- **SUPPLIED MATERIAL**
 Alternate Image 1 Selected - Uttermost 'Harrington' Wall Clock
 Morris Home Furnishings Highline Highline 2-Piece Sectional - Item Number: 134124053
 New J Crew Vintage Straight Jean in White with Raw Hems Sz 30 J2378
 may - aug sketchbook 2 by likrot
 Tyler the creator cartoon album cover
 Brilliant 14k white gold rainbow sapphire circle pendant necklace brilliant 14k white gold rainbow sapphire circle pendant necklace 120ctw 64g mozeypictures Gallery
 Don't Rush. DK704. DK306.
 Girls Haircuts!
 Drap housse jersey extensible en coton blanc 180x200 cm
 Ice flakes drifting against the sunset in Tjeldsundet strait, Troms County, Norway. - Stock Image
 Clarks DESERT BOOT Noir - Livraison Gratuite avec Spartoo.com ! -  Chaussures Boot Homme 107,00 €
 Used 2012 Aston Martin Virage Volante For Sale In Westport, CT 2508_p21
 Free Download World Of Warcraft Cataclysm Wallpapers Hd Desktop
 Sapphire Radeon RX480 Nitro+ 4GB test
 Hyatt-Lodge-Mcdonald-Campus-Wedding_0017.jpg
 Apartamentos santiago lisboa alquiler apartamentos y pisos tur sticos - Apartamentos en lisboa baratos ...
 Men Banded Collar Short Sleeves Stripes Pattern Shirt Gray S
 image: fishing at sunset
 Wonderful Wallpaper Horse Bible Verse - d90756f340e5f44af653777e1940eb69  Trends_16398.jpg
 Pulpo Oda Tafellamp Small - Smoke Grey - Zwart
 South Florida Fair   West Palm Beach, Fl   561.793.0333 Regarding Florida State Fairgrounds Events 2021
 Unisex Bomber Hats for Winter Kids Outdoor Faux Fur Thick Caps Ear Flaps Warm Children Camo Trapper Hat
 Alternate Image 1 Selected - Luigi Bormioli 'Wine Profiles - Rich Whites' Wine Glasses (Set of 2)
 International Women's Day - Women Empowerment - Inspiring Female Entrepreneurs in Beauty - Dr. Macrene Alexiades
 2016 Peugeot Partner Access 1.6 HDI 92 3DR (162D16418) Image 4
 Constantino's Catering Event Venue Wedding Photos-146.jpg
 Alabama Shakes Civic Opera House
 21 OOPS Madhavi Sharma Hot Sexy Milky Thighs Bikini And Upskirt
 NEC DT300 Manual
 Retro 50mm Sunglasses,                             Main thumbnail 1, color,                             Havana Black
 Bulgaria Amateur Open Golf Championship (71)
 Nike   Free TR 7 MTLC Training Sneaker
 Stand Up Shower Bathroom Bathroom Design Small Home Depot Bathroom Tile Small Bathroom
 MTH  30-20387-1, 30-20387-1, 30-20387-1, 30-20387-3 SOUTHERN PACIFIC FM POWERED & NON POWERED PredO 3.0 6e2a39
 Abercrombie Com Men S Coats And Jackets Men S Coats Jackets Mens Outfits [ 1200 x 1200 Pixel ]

- **WHAT TO DO**
Your job is to transcribe the listing exactly, line for line.

- **SOLUTION TO THIS TASK**
 Alternate Image 1 Selected - Uttermost 'Harrington' Wall Clock
 Morris Home Furnishings Highline Highline 2-Piece Sectional - Item Number: 134124053
 New J Crew Vintage Straight Jean in White with Raw Hems Sz 30 J2378
 may - aug sketchbook 2 by likrot
 Tyler the creator cartoon album cover
 Brilliant 14k white gold rainbow sapphire circle pendant necklace brilliant 14k white gold rainbow sapphire circle pendant necklace 120ctw 64g mozeypictures Gallery
 Don't Rush. DK704. DK306.
 Girls Haircuts!
 Drap housse jersey extensible en coton blanc 180x200 cm
 Ice flakes drifting against the sunset in Tjeldsundet strait, Troms County, Norway. - Stock Image
 Clarks DESERT BOOT Noir - Livraison Gratuite avec Spartoo.com ! -  Chaussures Boot Homme 107,00 €
 Used 2012 Aston Martin Virage Volante For Sale In Westport, CT 2508_p21
 Free Download World Of Warcraft Cataclysm Wallpapers Hd Desktop
 Sapphire Radeon RX480 Nitro+ 4GB test
 Hyatt-Lodge-Mcdonald-Campus-Wedding_0017.jpg
 Apartamentos santiago lisboa alquiler apartamentos y pisos tur sticos - Apartamentos en lisboa baratos ...
 Men Banded Collar Short Sleeves Stripes Pattern Shirt Gray S
 image: fishing at sunset
 Wonderful Wallpaper Horse Bible Verse - d90756f340e5f44af653777e1940eb69  Trends_16398.jpg
 Pulpo Oda Tafellamp Small - Smoke Grey - Zwart
 South Florida Fair   West Palm Beach, Fl   561.793.0333 Regarding Florida State Fairgrounds Events 2021
 Unisex Bomber Hats for Winter Kids Outdoor Faux Fur Thick Caps Ear Flaps Warm Children Camo Trapper Hat
 Alternate Image 1 Selected - Luigi Bormioli 'Wine Profiles - Rich Whites' Wine Glasses (Set of 2)
 International Women's Day - Women Empowerment - Inspiring Female Entrepreneurs in Beauty - Dr. Macrene Alexiades
 2016 Peugeot Partner Access 1.6 HDI 92 3DR (162D16418) Image 4
 Constantino's Catering Event Venue Wedding Photos-146.jpg
 Alabama Shakes Civic Opera House
 21 OOPS Madhavi Sharma Hot Sexy Milky Thighs Bikini And Upskirt
 NEC DT300 Manual
 Retro 50mm Sunglasses,                             Main thumbnail 1, color,                             Havana Black
 Bulgaria Amateur Open Golf Championship (71)
 Nike   Free TR 7 MTLC Training Sneaker
 Stand Up Shower Bathroom Bathroom Design Small Home Depot Bathroom Tile Small Bathroom
 MTH  30-20387-1, 30-20387-1, 30-20387-1, 30-20387-3 SOUTHERN PACIFIC FM POWERED & NON POWERED PredO 3.0 6e2a39
 Abercrombie Com Men S Coats And Jackets Men S Coats Jackets Mens Outfits [ 1200 x 1200 Pixel ]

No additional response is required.